> [EXERCISE REQUIREMENTS]
Leave the pictures out and return every line below exactly.

> [GIVEN DATA]
# # # # # # #
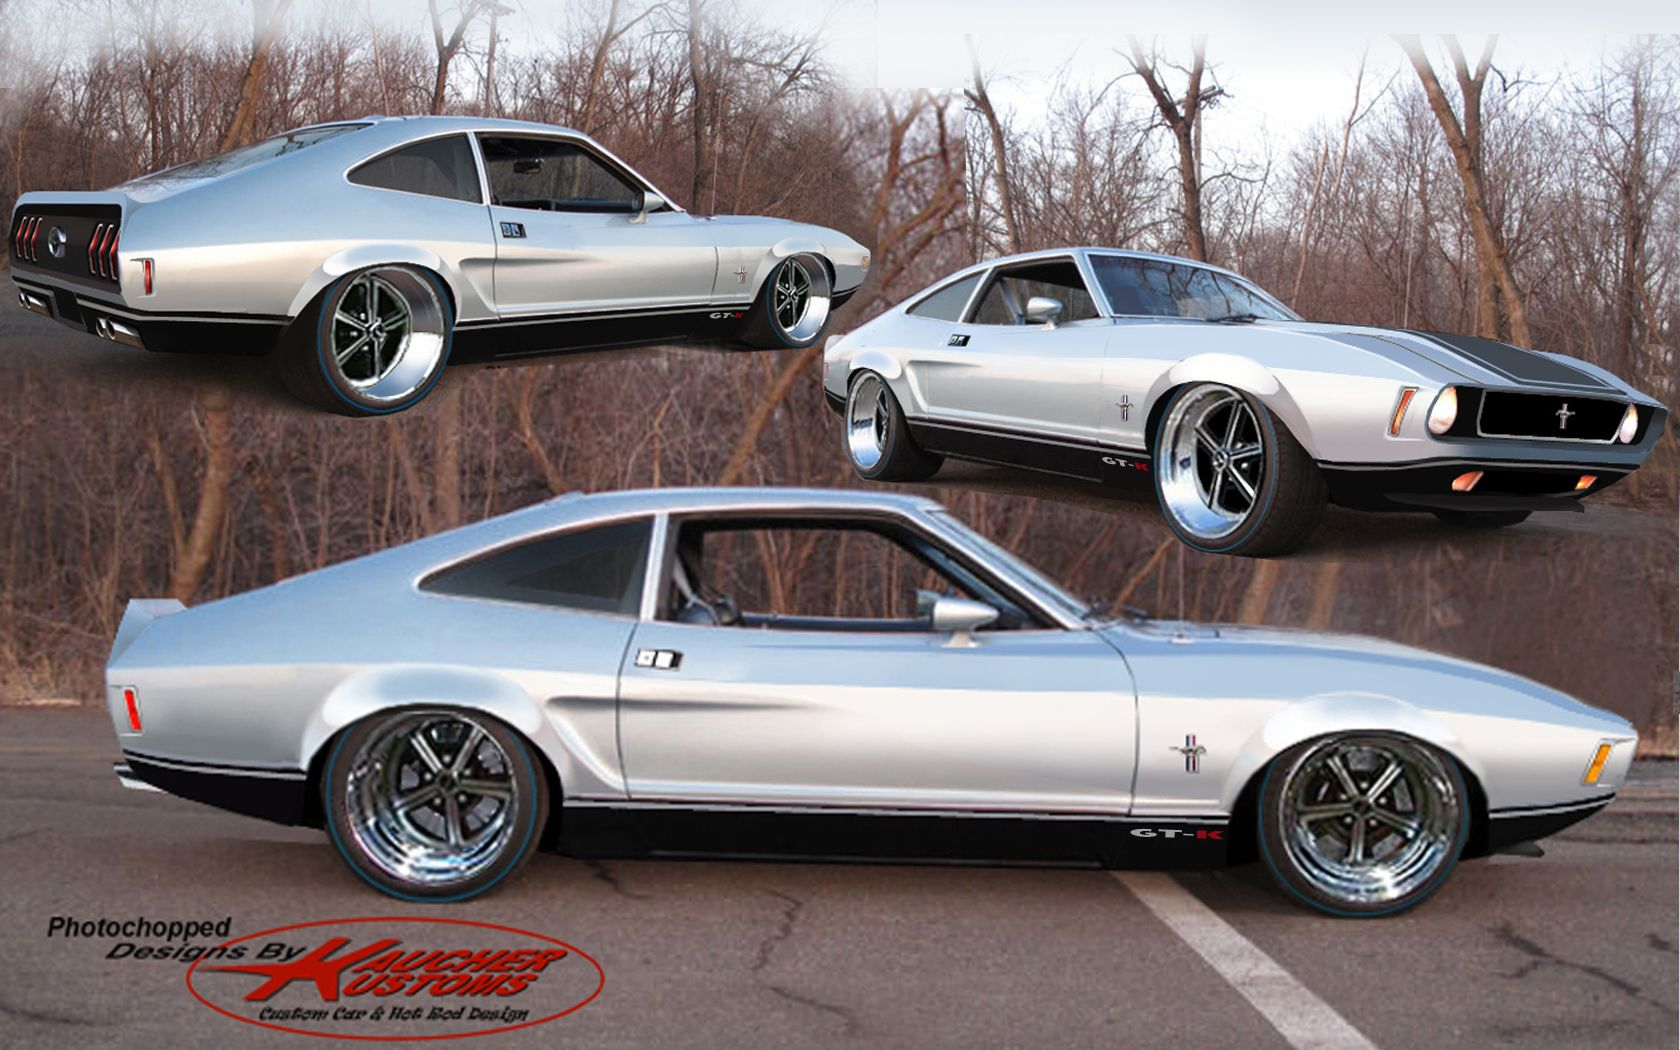 Mustang Ii Based On Maverick Platform As Was Originally Intended Mustang Ii Mustang Custom Cars
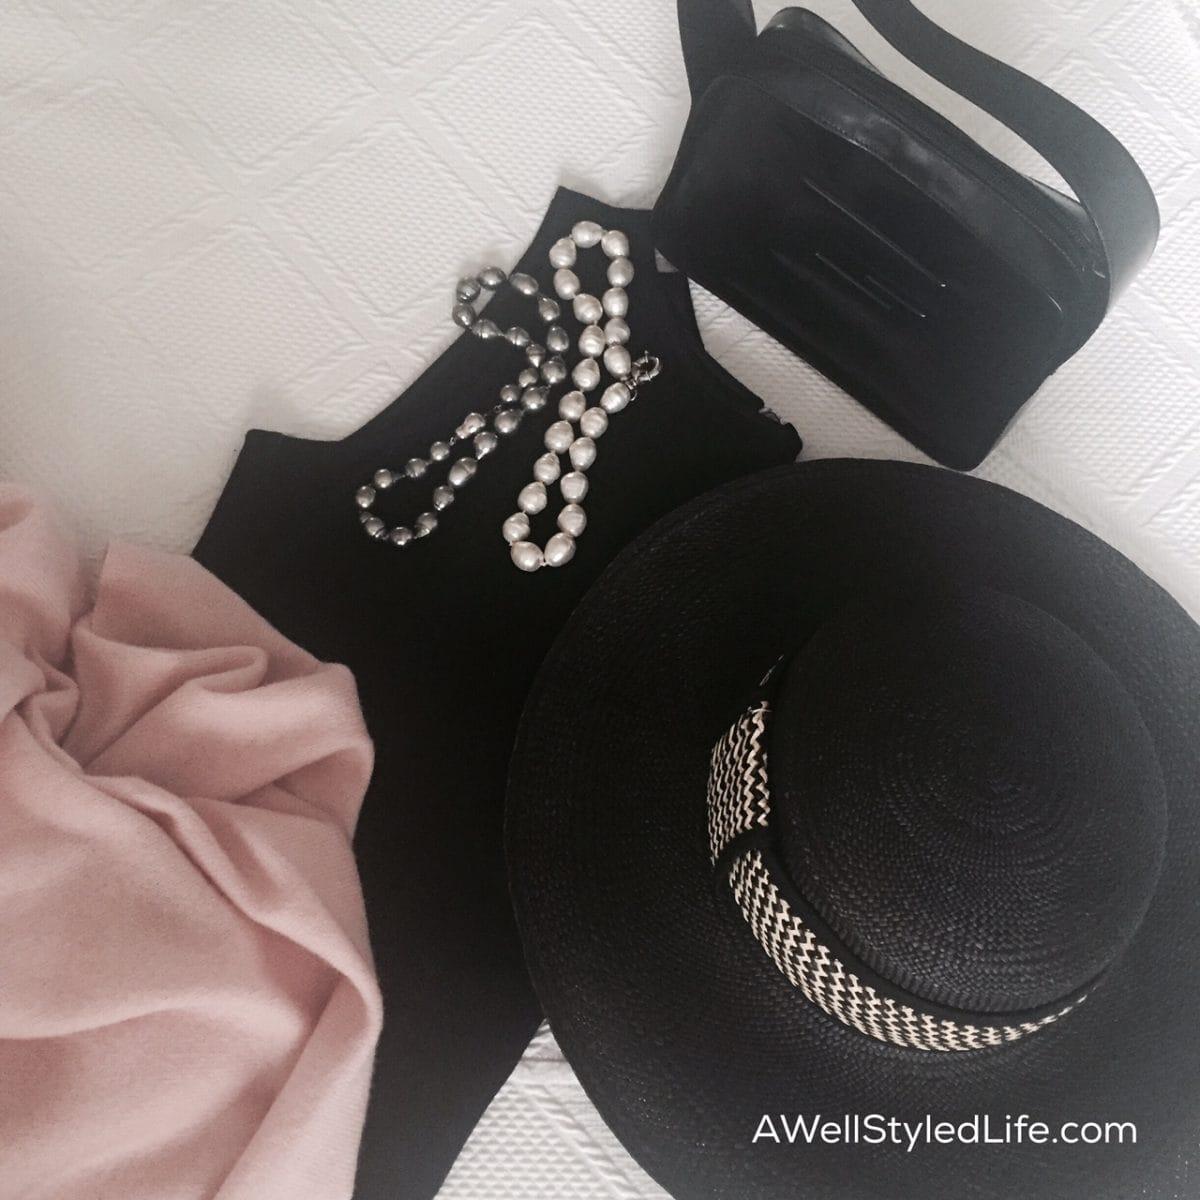 Dressing For Graduation for Women Over 50
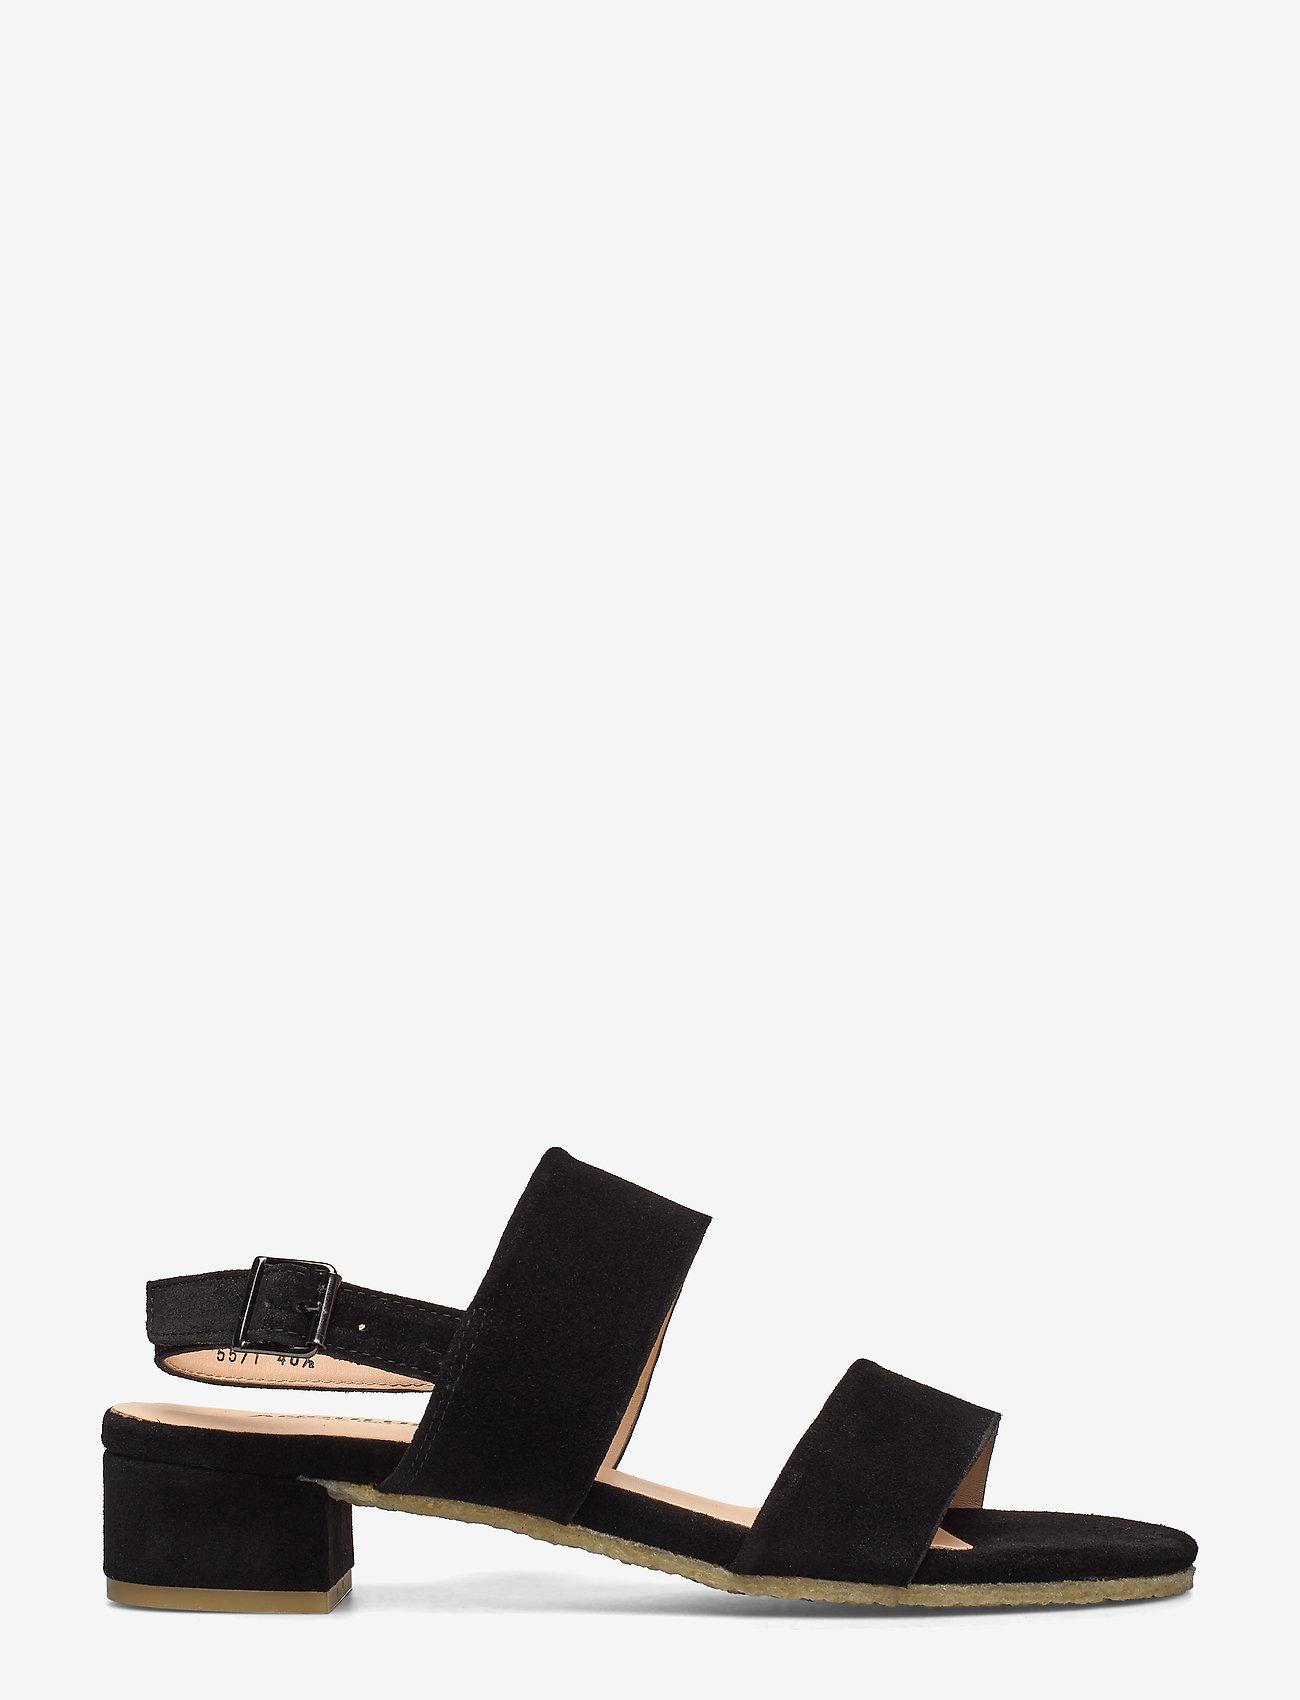 ANGULUS - Sandals - flat - sandalen met hak - 1163 black - 1
# # # # # # #
> [ANSWER SECTION]
 Mustang Ii Based On Maverick Platform As Was Originally Intended Mustang Ii Mustang Custom Cars
 Dressing For Graduation for Women Over 50
 ANGULUS - Sandals - flat - sandalen met hak - 1163 black - 1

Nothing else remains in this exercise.